- Born: 25 June 1959 Junee, New South Wales
- Died: 13 November 1996 (aged 37)
- Other name: 'Bobbie' Vaile
- Education: University of New South Wales
- Occupation: astrophysicist
- Known for: "Unsung Hero of Australian Science" award

= Bobbie Vaile =

Australian astronomer

Dr Roberta Anne 'Bobbie' Vaile (25 June 1959 – 13 November 1996) was an Australian astrophysicist and senior lecturer in physics at the Faculty of Business and Technology at the University of Western Sydney, Macarthur. She was involved with Project Phoenix (a SETI experiment) and influential in the establishment of the SETI Australia Centre, created at the university in 1995.

== Biography ==
Vaile was born in Junee, New South Wales. She attended the University of Newcastle, where she received her B.Sc. She earned her Ph.D. at the University of New South Wales with a thesis entitled "The Corona Australis Complex" in 1989.

Vale was awarded the Australian Science Communicators' "Unsung Hero of Australian Science" award in 1995 for her work in developing easy and friendly methods of teaching science.

Other published papers include: Seth Shostak, Ron Ekers, Roberta Vaile, 1996. A Search for Artificial Signals from the Small Magellanic Cloud The Astronomical Journal 112, 164-166.

== Death and legacy ==
Valie died in 1996 following a seven-year battle with an inoperable brain tumour.
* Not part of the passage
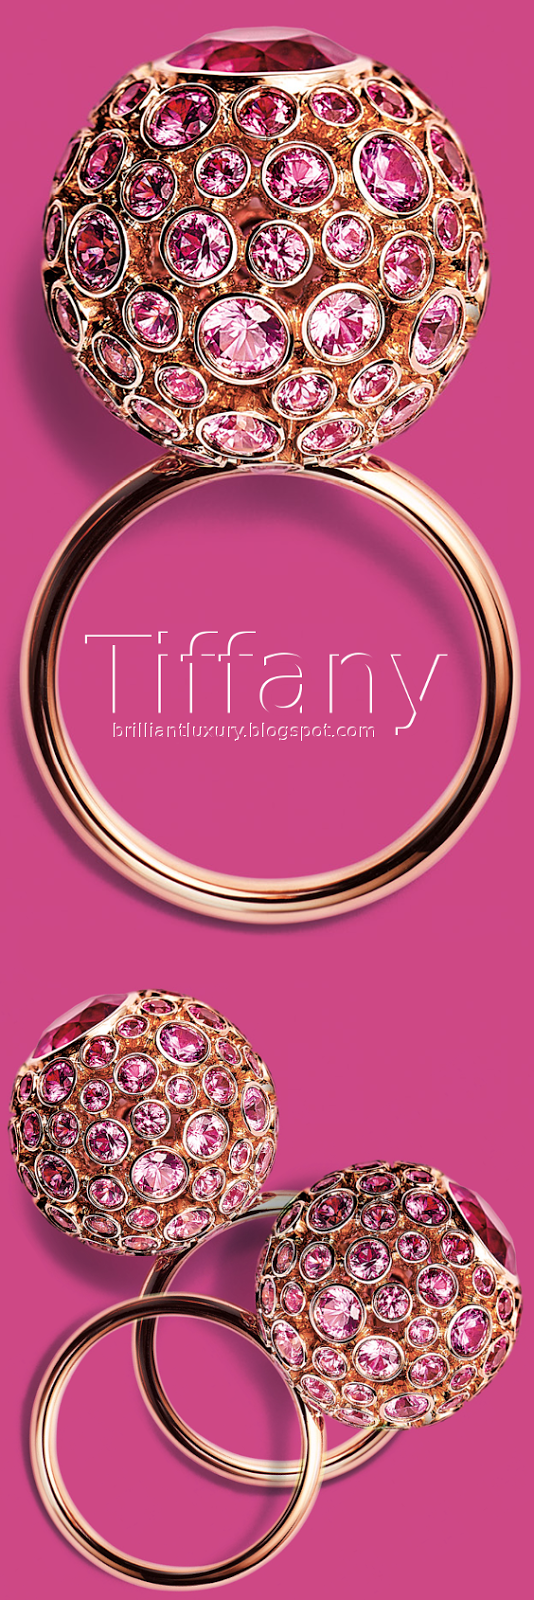 ♢Tiffany High Jewelry | Tiffany, Luxury and Ring

A memorial garden at the University of Western Sydney was dedicated to Vaile in 1999, and there is a park/reserve in Camden, New South Wales (at ), named after her.

The binary main-belt asteroid 6708 Bobbievaile, discovered by Australian astronomer Robert McNaught in 1989, was also named in her memory; the naming citation was published on 22 April 1997 (M.P.C. 29671).